問題文にはその状況における最も相応しいと思われる行動が記載されていますので、模擬訓練として経験値を高めるつもりで取り組むといいと思います。

例えば、マルウェア感染のインシデントについては、マルウェアは発見されないように自らの動作や存在の痕跡を消去することが多くなります。

消去されたファイルも、セキュリティインシデントにおいて、大きな手掛かりとなります。

具体的な証拠保全の方法として、本問題のように、マルウェア感染したPCのHDDは、ファイル単位ではなくセクタ単位で全セクタを対象にコピーするということをスキルとして持っておくこと。

こういったスキルを積み重ねて、発生するインシデントに柔軟に対応することが可能となります。
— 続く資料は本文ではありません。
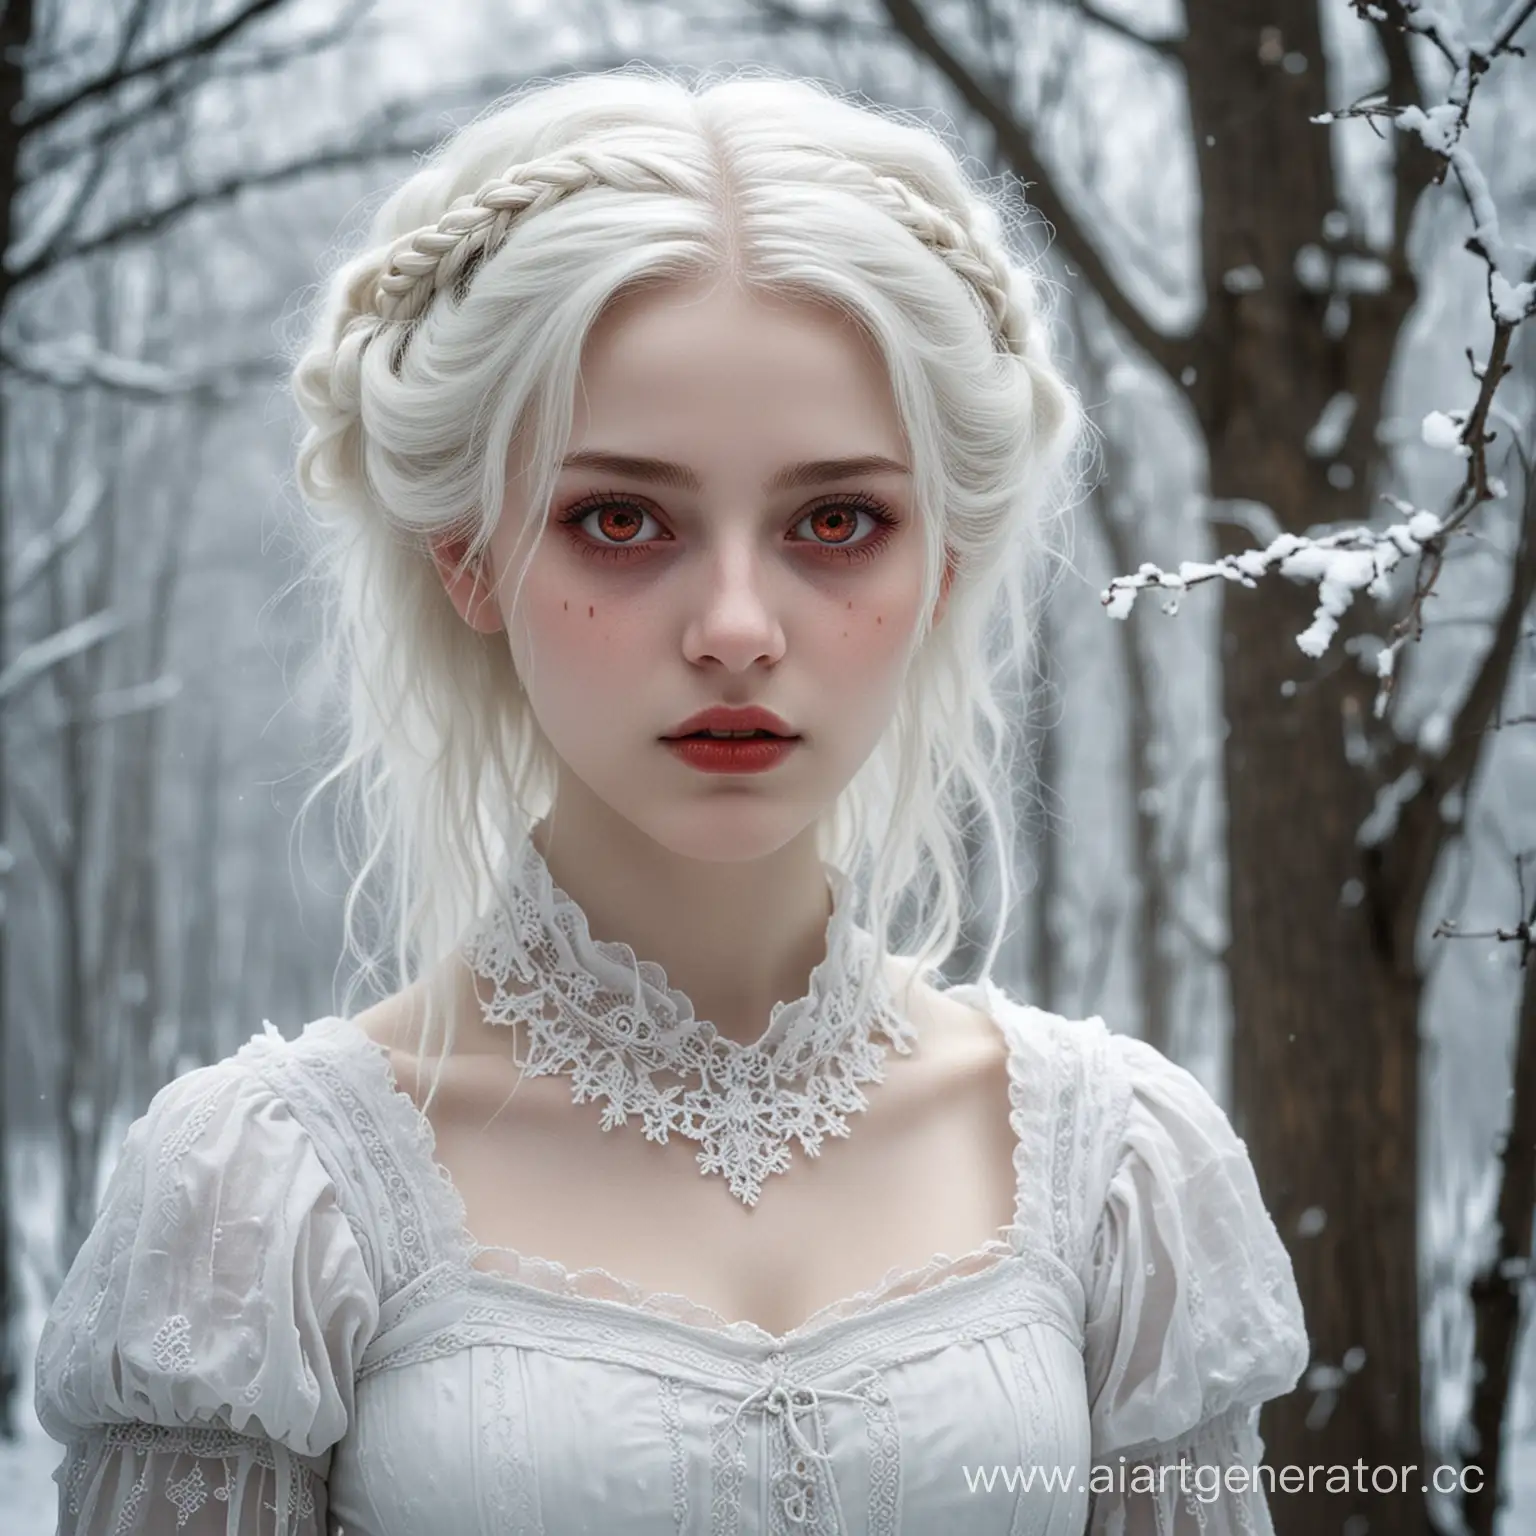 Миловидная молодая девушка. Кожа её бледная, словно фарфоровая. Волосы белые, как снег, опускаются ниже плеч. Ярко выделяются кроваво-красные глаза. Весь её образ кажется одновременно и завораживающим, и пугающим.

平成31年度春期情報処理安全確保支援士試験での「インシデント発生時の初動調査」

「無線LANを侵入経路としたマルウェアへの感染」を題材に、マルウェアの調査と対策について出題されました。

それでは「インシデント発生時の初動調査」の問題となった部分を見ていきましょう。

f:id:aolaniengineer:20200101053949p:plain

 N社では、全従業員に一つずつ利用者IDが割り当てられ、その利用者IDとパスワードが認証サーバに登録される。タブレットPC、問合せ用PC及びD-PC(以下この三つを併せて、社内PCという)へのログイン時並びに内部メールサーバ及びファイルサーバへのアクセス時には、認証サーバを使用して認証が実施される。イントラポータルサーバは、認証サーバと連携して、ベーシック認証を使用している。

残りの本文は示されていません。